President Trump criticized Federal Reserve Chair Jerome Powell for keeping interest rates high and stated that rates will decline significantly under the next Fed Chair, whose announcement is coming soon. Based on prediction markets, BlackRock's Rick Rieder is the frontrunner for the position with a 51% probability, followed by Kevin Warsh at 27%. The FOMC meeting on Wednesday is expected to keep rates unchanged.
Sen. Elizabeth Warren criticized Treasury Secretary Scott Bessent for downplaying risks of declining global demand for U.S. Treasuries. Warren warned that weaker Treasury demand could lead to higher interest rates for consumers on mortgages and car loans.
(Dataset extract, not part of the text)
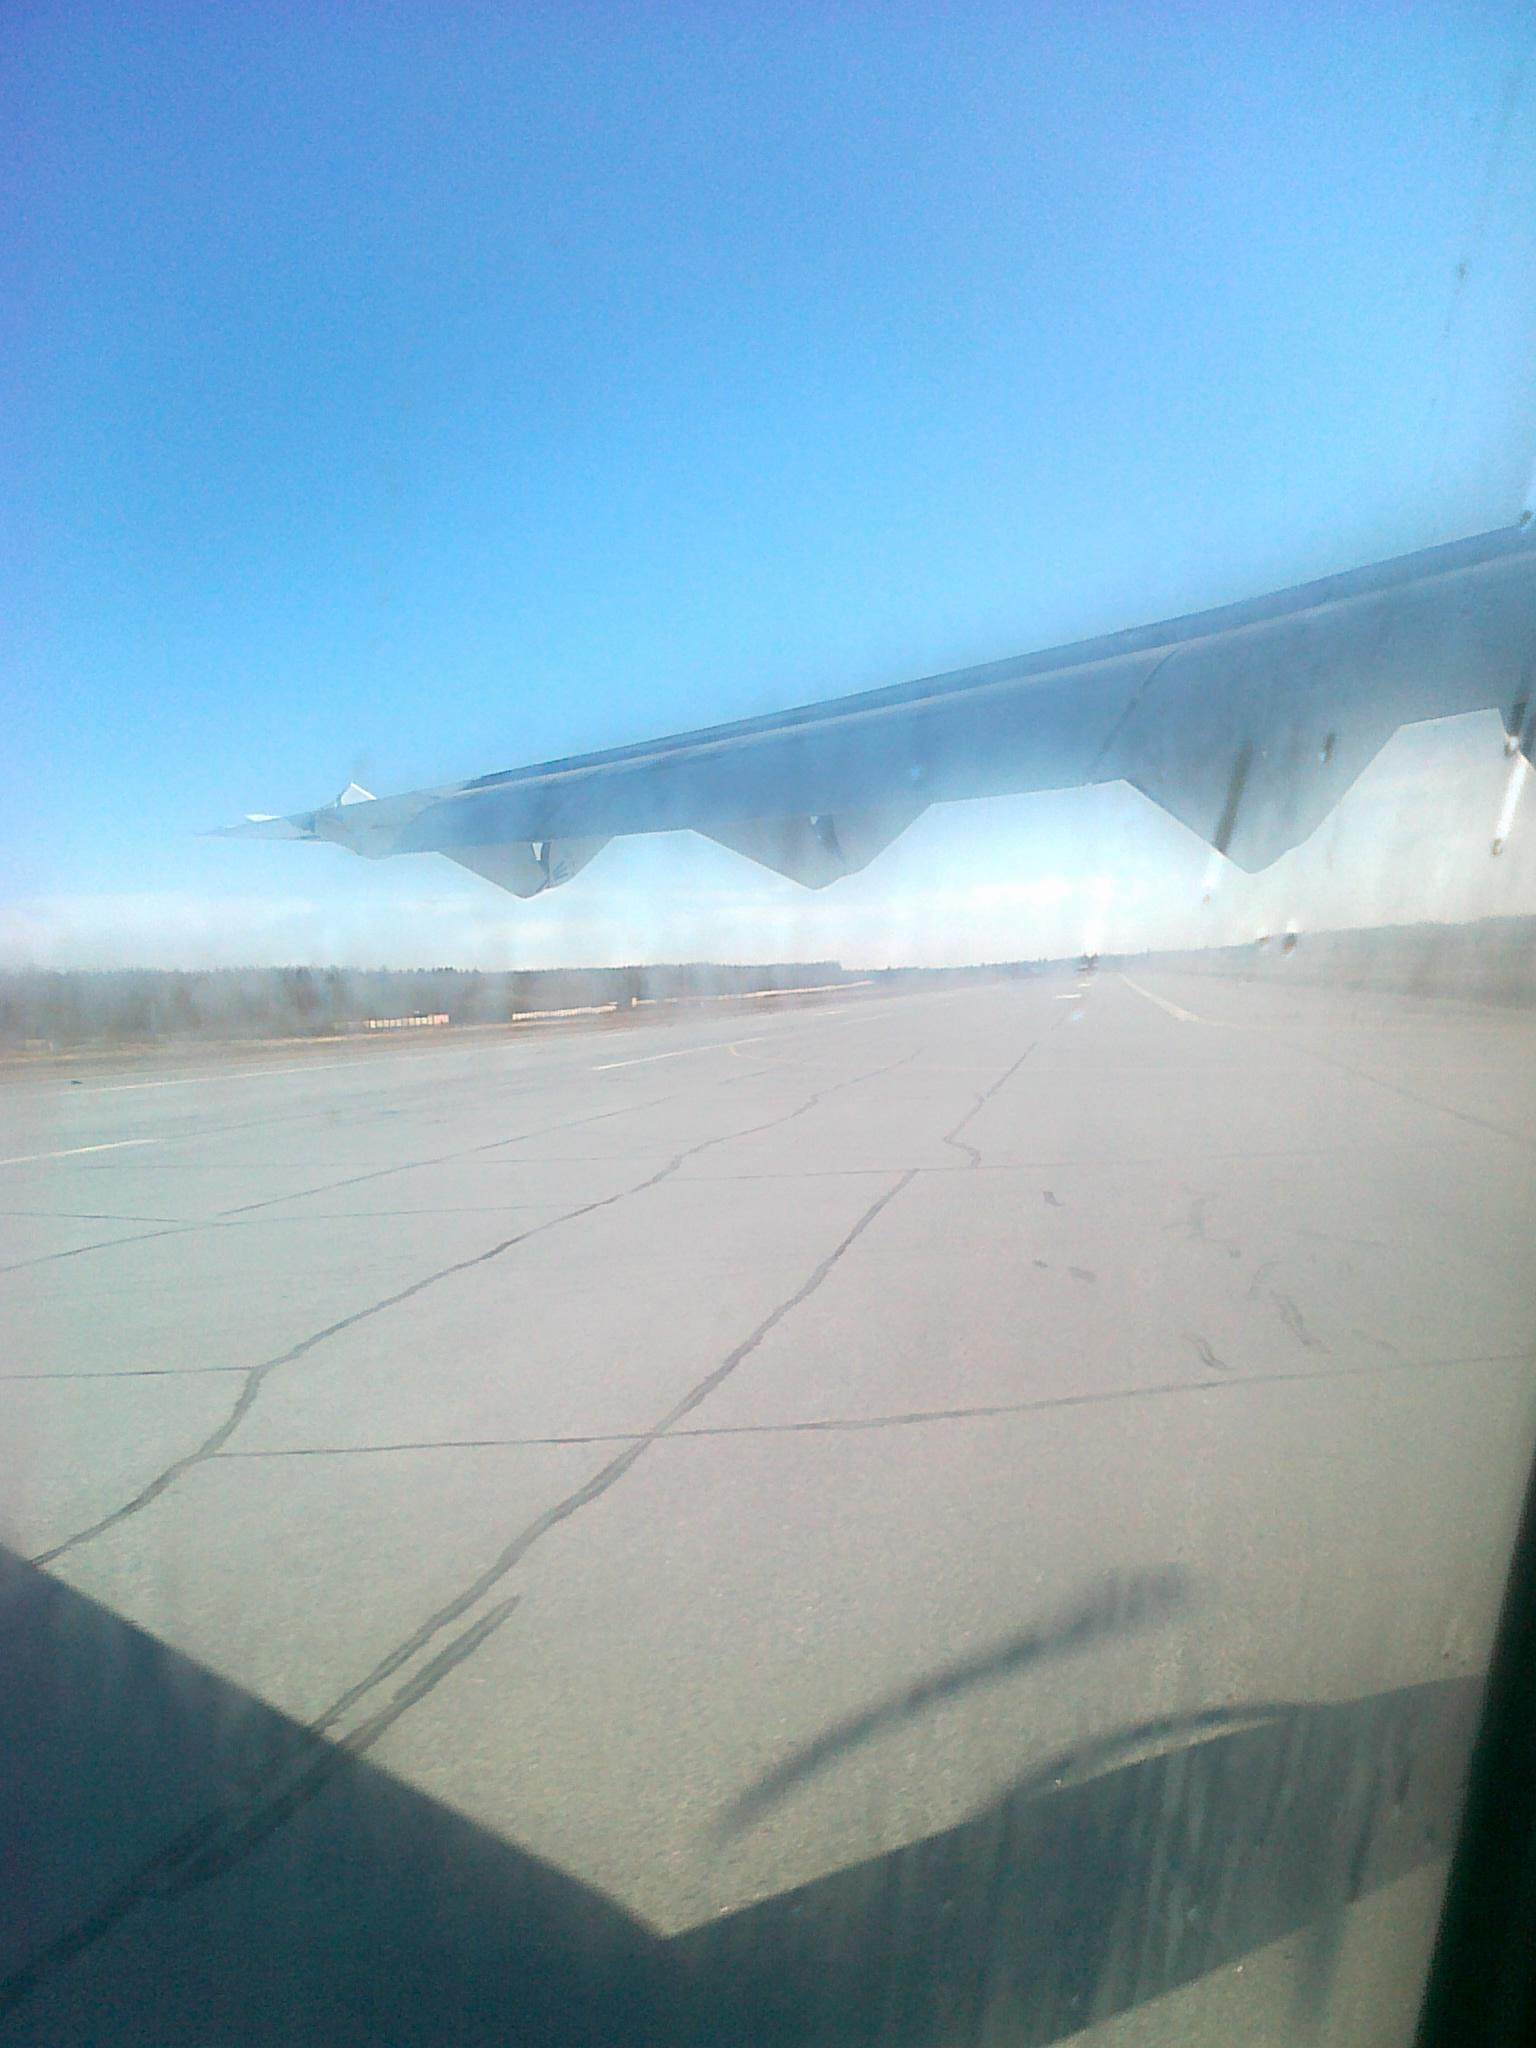 Рейс Тюмень-Ханты-Мансийск авиакомпании ЮТэйр-Экспресс

The criticism follows a Danish pension fund's decision to divest from U.S. Treasuries, citing poor U.S. government finances. JPMorgan analysts note that foreign governments now hold only 15% of U.S. Treasuries, down from 40% in the 2010s, with the gap filled by private investors contributing to higher volatility.
AkademikerPension, a $25 billion Danish pension fund, is selling its entire $100 million U.S. Treasury holdings by end of January, citing unsustainable U.S. government finances and rising credit risk under Trump's policies. The fund will shift to cash USD, short-dated agency debt, and other alternatives. This move reflects broader concerns about U.S. fiscal sustainability, though the fund's holdings are minimal relative to the $1 trillion daily Treasury market volume.